Weka recently introduced Neural Mesh. One of the features is the ability to control and address files with small block sizes, usually the metadata types used in AI data. This is a data placement technique (I don’t have the deep technical details yet), where small block files are optimized with greater efficiency and support. Incidently, Weka has also introduced their Augmented Memory Grid, an integration with distributed inference engine such as NVIDIA Dynamo to provide a larger key-value pair memory footprint supporting large context-aware processing.
Others like Vast Data are integrating part of the AI and Machine Learning (ML) Data Pipeline into their Data Platform, again to enhance its prowess with accelerating data and controlling how the data movements and placements work within their technology.
The use of BlueField-3 DPUs (data processing units) in vendors’ platforms like DDN Infinia, Weka on BlueField-3, Vast Data on BlueField-3 are just not to curry flavour with NVIDIA. DPUs are surely taking over some of the repetitive and resource intensive tasks of the CPUs, but it is also changing the paradigm of how data is processed. The BlueField-3 DPUs are making data more secure, more performant and tighter integration with the NVIDIA ecosystem. This, again, is a data movement and data placement technique in play, all to hit the lowest storage latency possible.

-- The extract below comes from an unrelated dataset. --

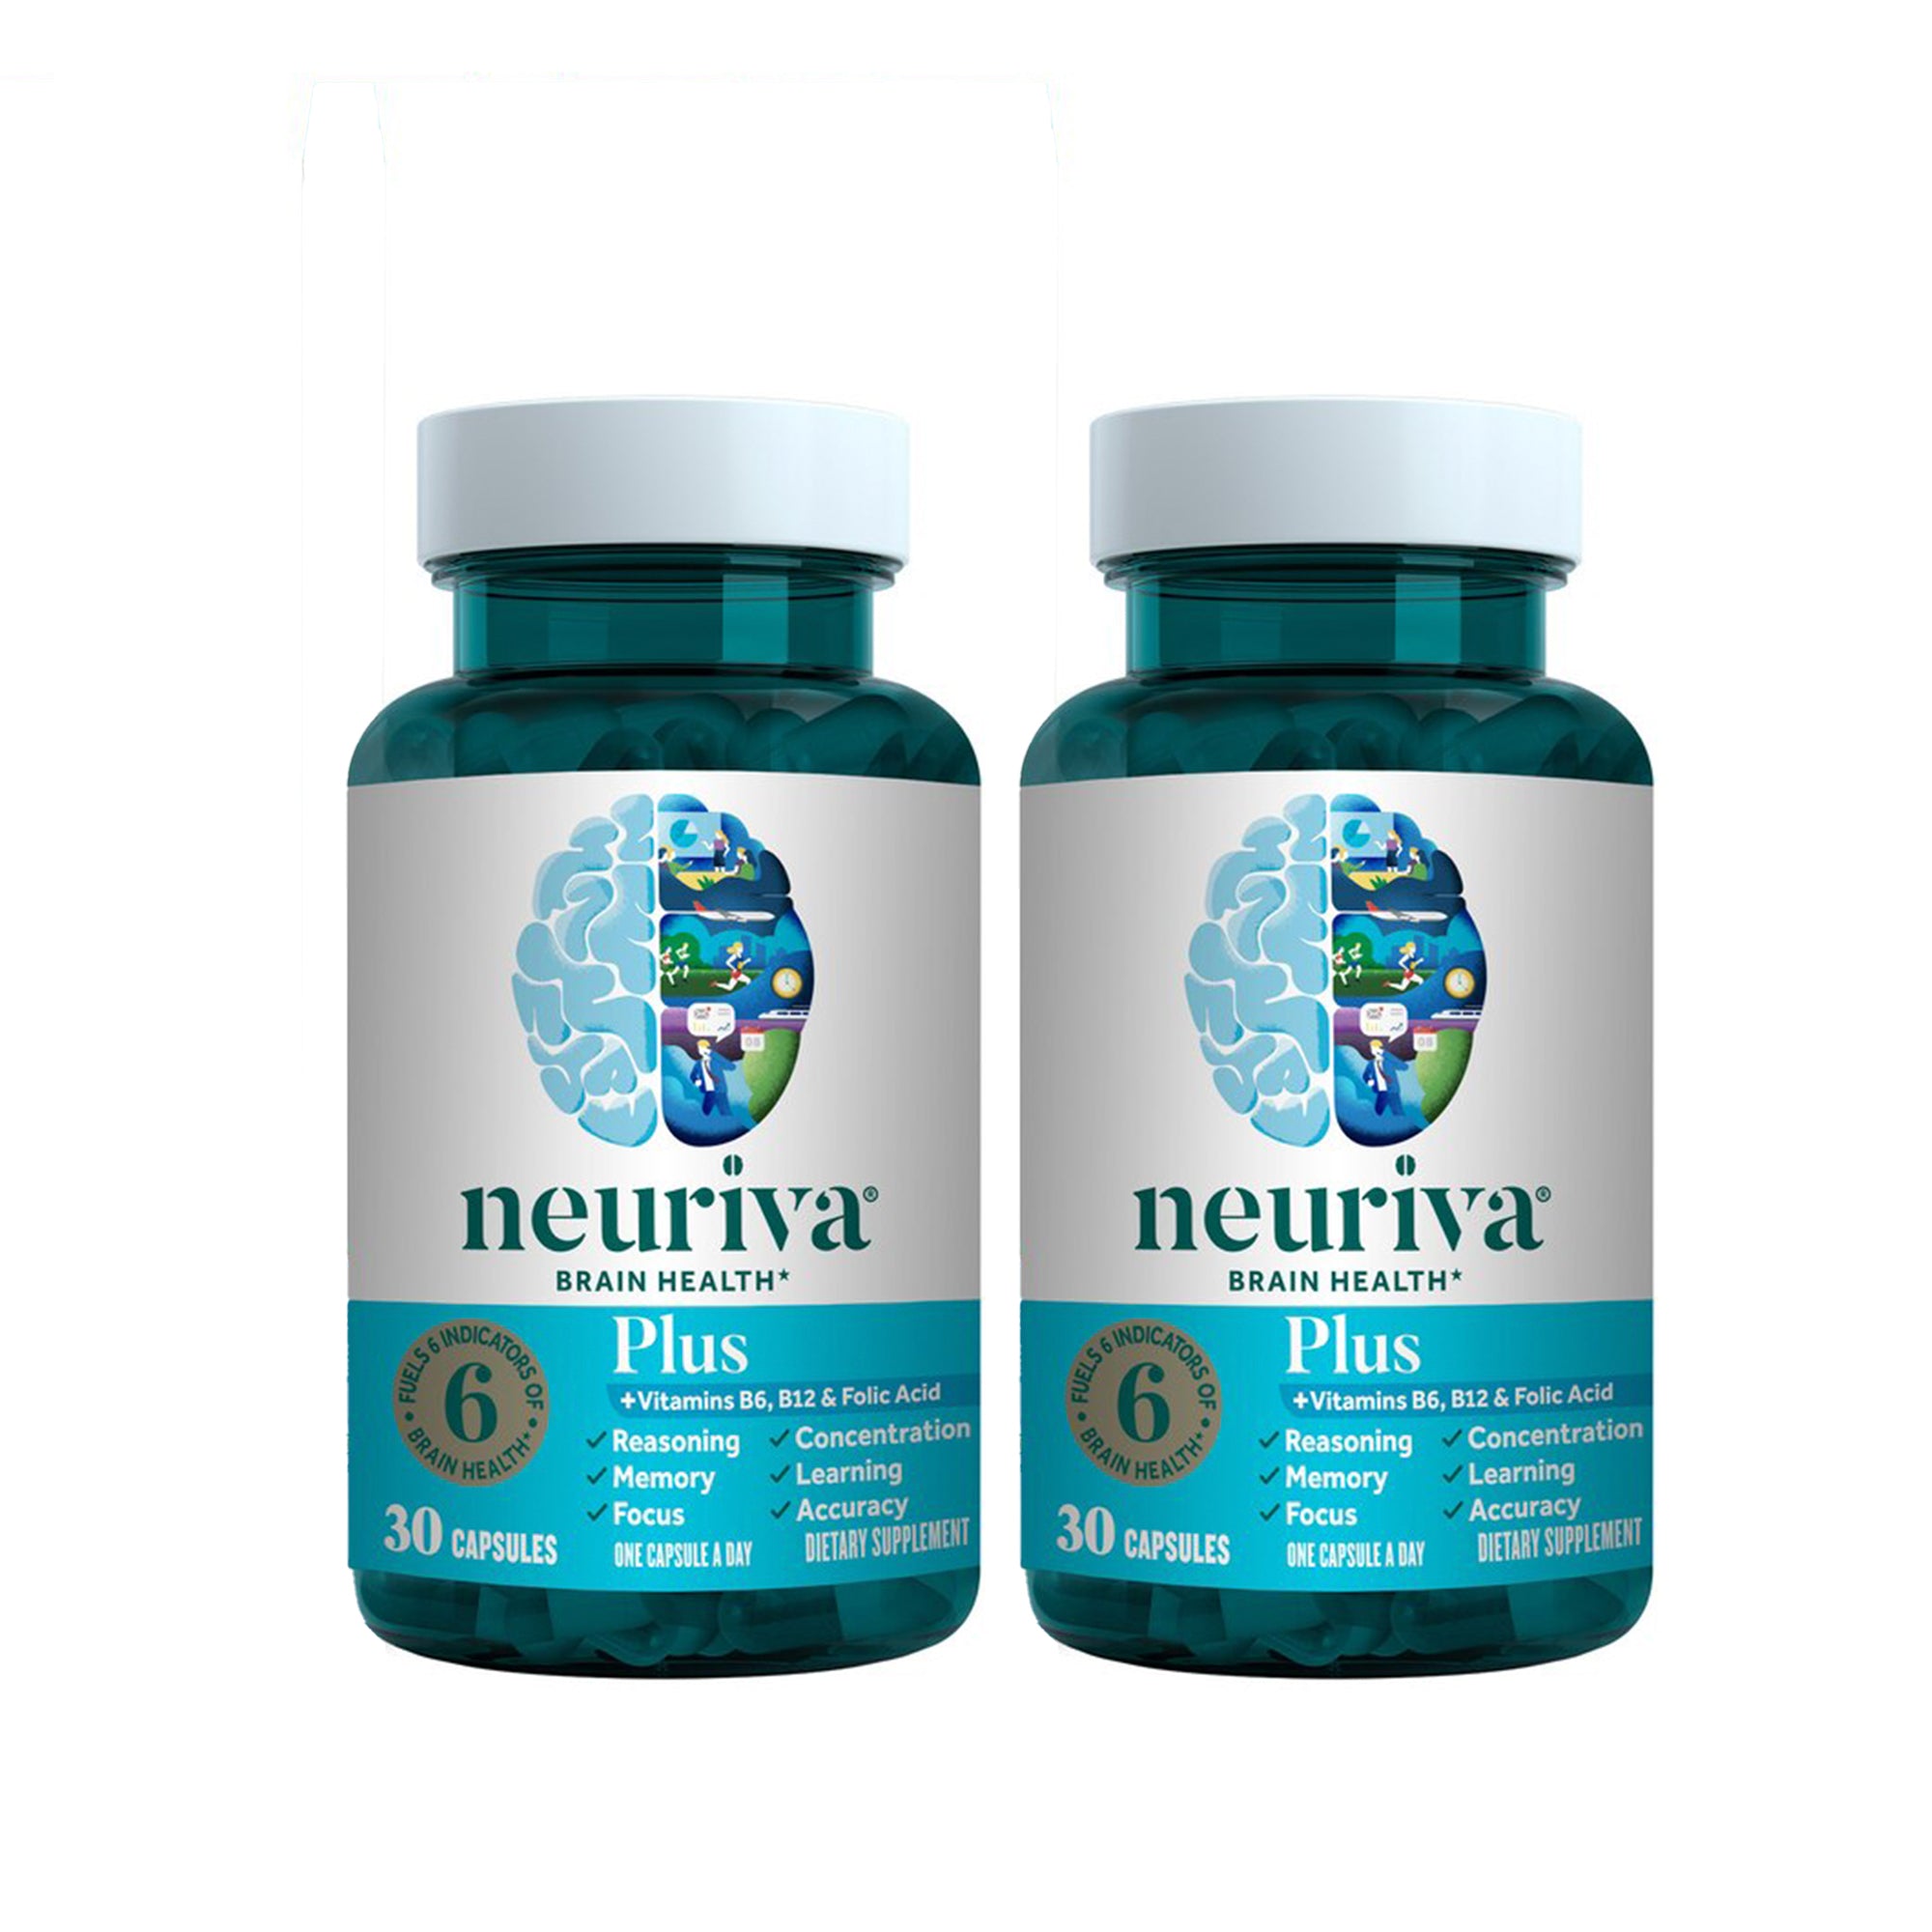 Neuriva Plus Brain Performance Capsules, 30 Count ea. - 2 Pack
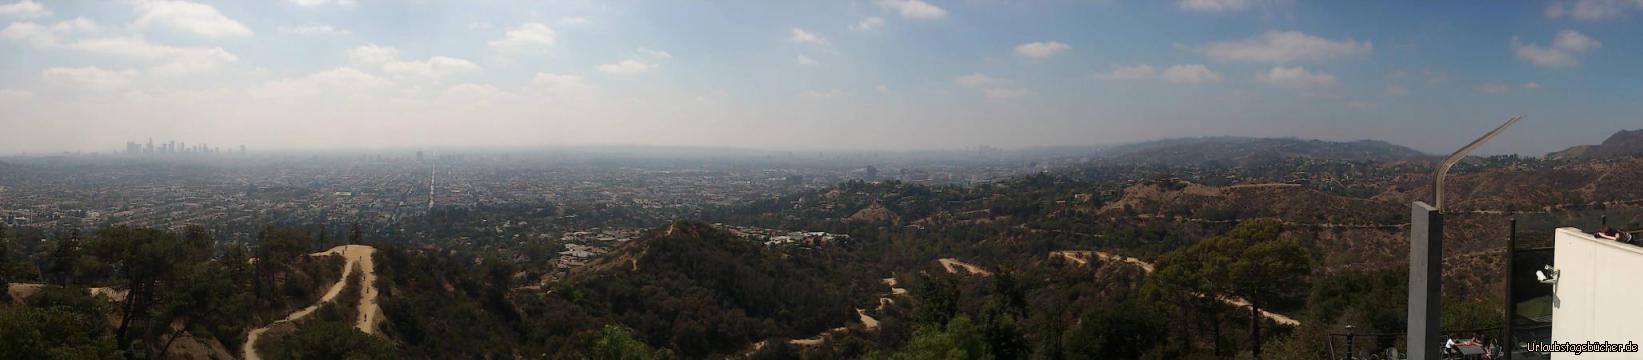 Los Angeles: der Blick vom Griffith Observatorium über die mit knapp 4 Millionen Menschen zweitgrößte Stadt der USA: Los Angeles (links die Skyline markiert Downtown, rechts sind die Hollywood Hills)

Where is the Infrastructure Pendulum now?
I have been in the infrastructure industry long enough that performance does not forever get stuck. The need to get the data, to move the data, to process the data and more swings like a pendulum among the 3 pieces of infrastructure – Compute, Network, Storage. At this point, as the voluminous footprint of data is growing exponentially, I would say Storage, or in AI-speak, Data Infrastructure is facing the greatest challenge. That is why innovative techniques of the ones I have mentioned, and more that I have not covered are about collapsing the gap of data movement and data placement to the right compute processing, up-the-stack, to the edge-core-cloud and back.
Data is heavy. I describe them as the elephant of the 3 infrastructure layers, while in the compute infrastructure, data is fleeting as birds. The networking infrastructure layer in between has gotten better, but storage professionals like myself understand data. It will be forever growing and forever demanding more. The GPUs have jumped ahead, and so has the networking pipes. Storage infrastructure is getting better as well, but it will be the intelligent data movement and data placement technologies that will separate the data storage heroes from the wanna-bes.